Fri May 17 03:33:12 PDT 2013

Hal Finkel <hfinkel at anl.gov> wrote on 17.05.2013 01:43:25:

> > Can you not do all that on the IR level, and if it detects a count,
> > simply rewrite the IR to a simple counting loop?
>
> The other problem is that, if you do this rewriting then you can end
> up with redundant induction variables if the transformation does not
happen.

Yes, of course, that's what will happen if you make the wrong decision.
Note that I'm not saying you *shouldn't* try to detect in advance
whether or not CTR will be available and the transformation is
possible -- of course the IR pass should have a heuristics that
attempts to detect this, probably much along the lines of your
existing code.

My only point is that I'd prefer if the overall algorithm were
structured so that the "failure mode" if that heuristic gets it
wrong in some (hopefully rare) case, is simply generation of
slightly less optimal code rather than completely broken code.

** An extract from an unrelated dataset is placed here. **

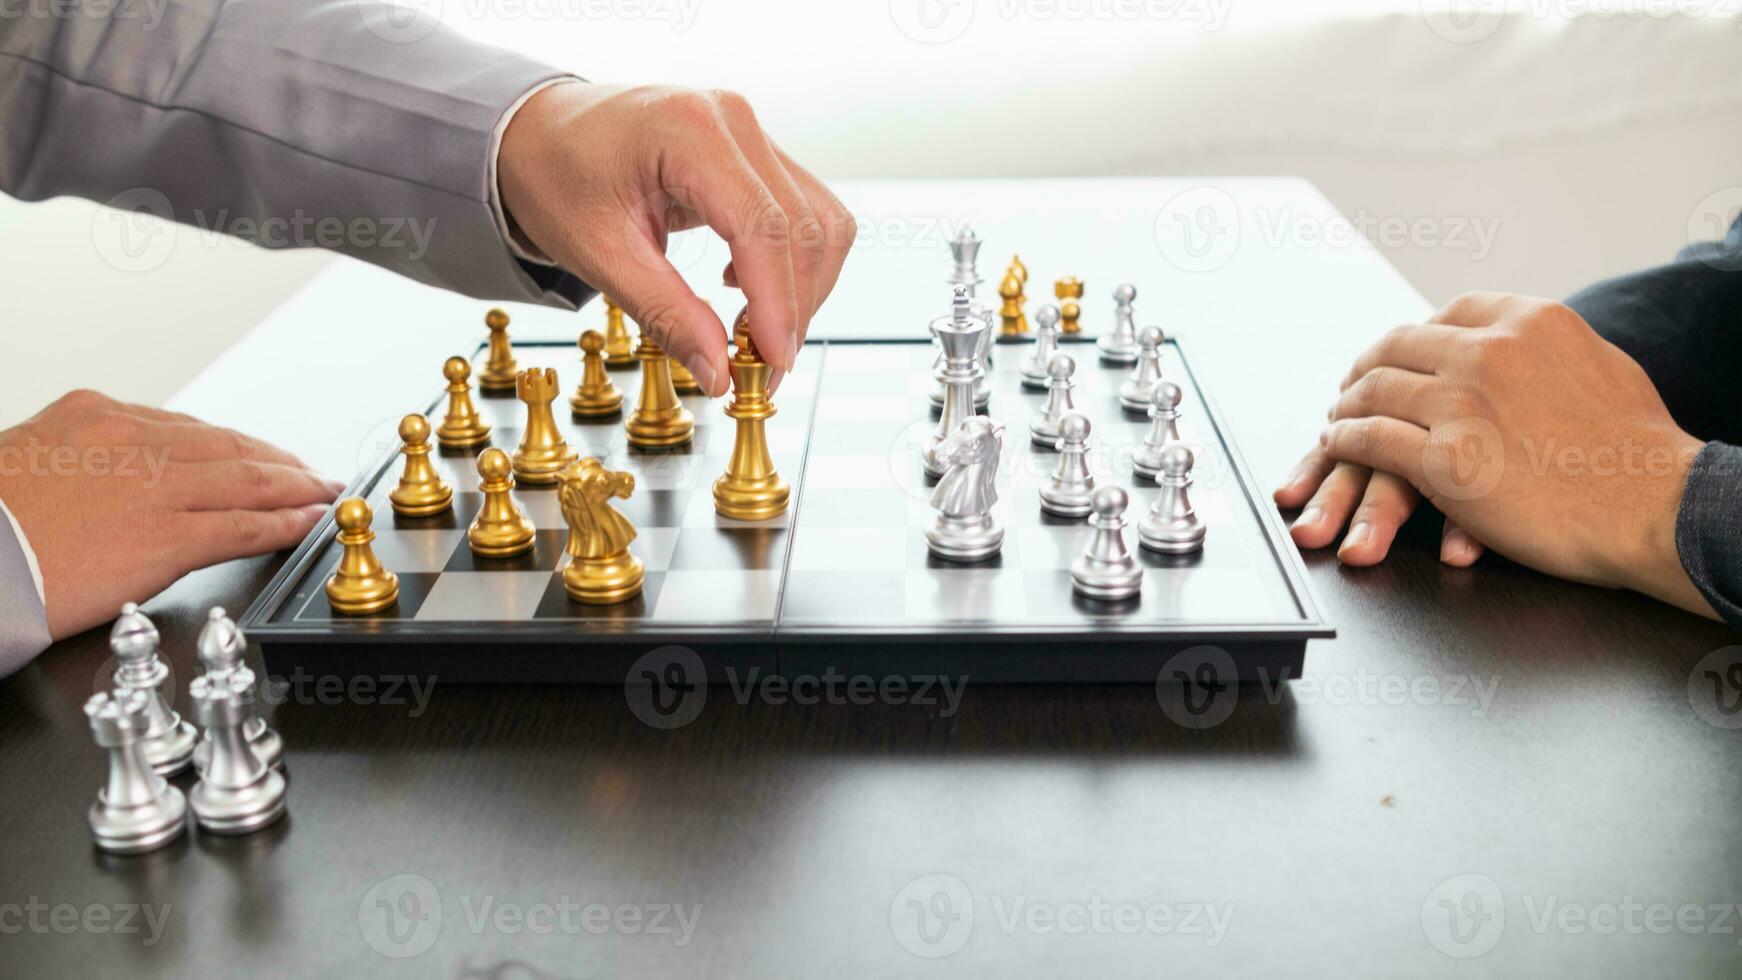 jong zakenman planning winnend schaak Actie in spel van schaak vertegenwoordigen geslaagd en zegevierend bedrijf pad. schaak concept vertegenwoordigen strategisch bedrijf strategie naar bereiken zege. foto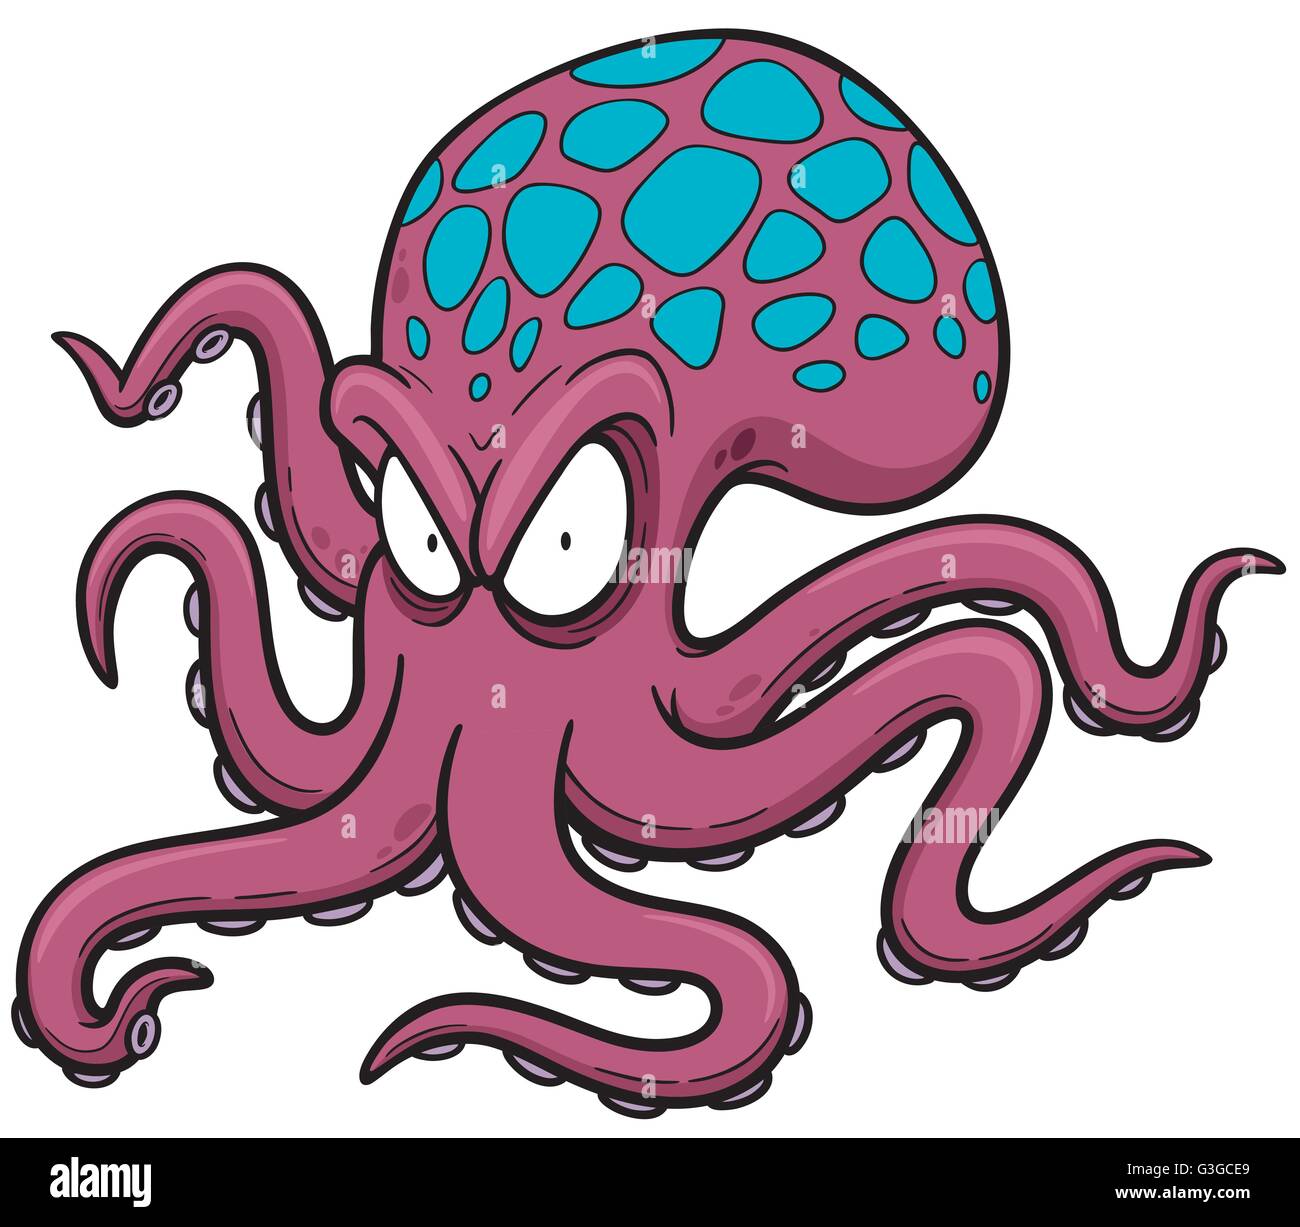 Vektor-Illustration von Cartoon octopus Stock Vektor

> Maybe it would be better to do it the other way? What if we always
> generate the counter-based loops, and then undo the transformation
> if we detect, at the MI level, other clobbers of the counter
> register. We might end up generating suboptimal code in these cases
> (because we could end up with effectively two induction variables
> (that are not exactly the same and so won't be CSE'd), but for loops
> with function calls, indirect jumps, etc., maybe the performance hit
> won't matter much -- but I don't really believe that :(

That seems more along the lines of what GCC does; the doloop pass
will insert a loop counter as a pseudo register if its heuristic
determines this will likely be useful, and then the register
allocator tries to allocate the pseudo to CTR, but if it fails,
we just get regular code to decrement and test the counter (in a GPR).

> In the end, this is why I decided to do this on the IR level. It is
> fragile to detect IR sequences that might become function calls, but
> as LLVM is currently constructed, and because the selection-DAG is
> basic-block local, there is a finite set of such things and we can
> audit the code generator for them. I don't *like* it, but it seems
> to be the only way that we can really generate the best code
> (without extraneous guard expressions, and without redundant GPR
> induction variables, etc.) in practice. We could certainly pair this
> with some kind of 'undo' mechanism just in case. Maybe the best
> solution is to leave things this way, but make a verification pass
> that checks for clobbers inside the loops after the fact. This would
> make it ICE instead of miscompile, but that is preferable (and we
> could turn it off in non-asserts builds).

I certainly agree that an ICE is better than a miscompile :-)

Bye,
Ulrich